From the looks of the test results I have to say that I liked the CCI Quik Shok 32 gr. HP. They did just what they were supposed to do. They broke apart inside & that is going to cause a nasty wound that only a trained Doctor & some X-Rays are going to fix properly.

I wish I could find some around here but I can only find them online & the shipping cost kills that idea.


----------



## PhilR. (Apr 25, 2007)

I would second the Quick Shok's as well. It's what I keep in my little Beretta tip-up. CCI in general have been the most reliable .22lr brand that I've used so far, with only one misfire in thousands of rounds. 

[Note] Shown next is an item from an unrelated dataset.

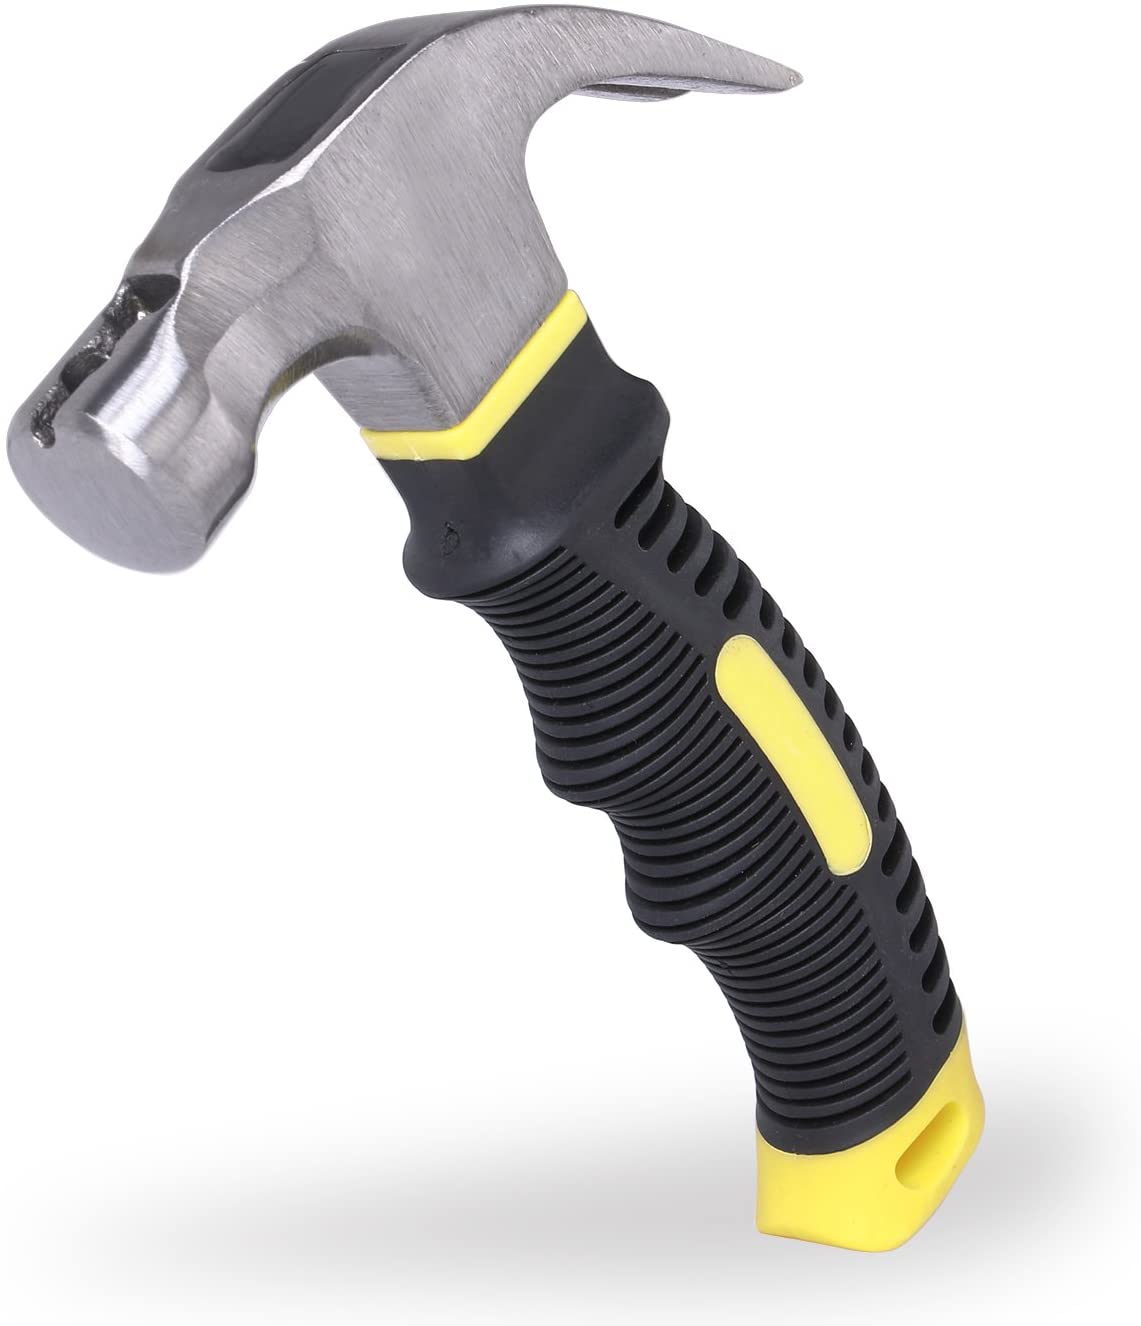 Stubby Claw Hammer with Magnetic Nail Starter

The Yellowjackets mentioned above might be a good choice, but they have a slightly wierd bullet shape that doesn't always feed well in an automatic. They do seem to pack a wallop for a .22 though. Shoot several hundred before carrying.

PhilR.


----------



## Ram Rod (Jan 16, 2008)

http://www.goldenloki.com/ammo/gel/22lr/gel22lr.htm


----------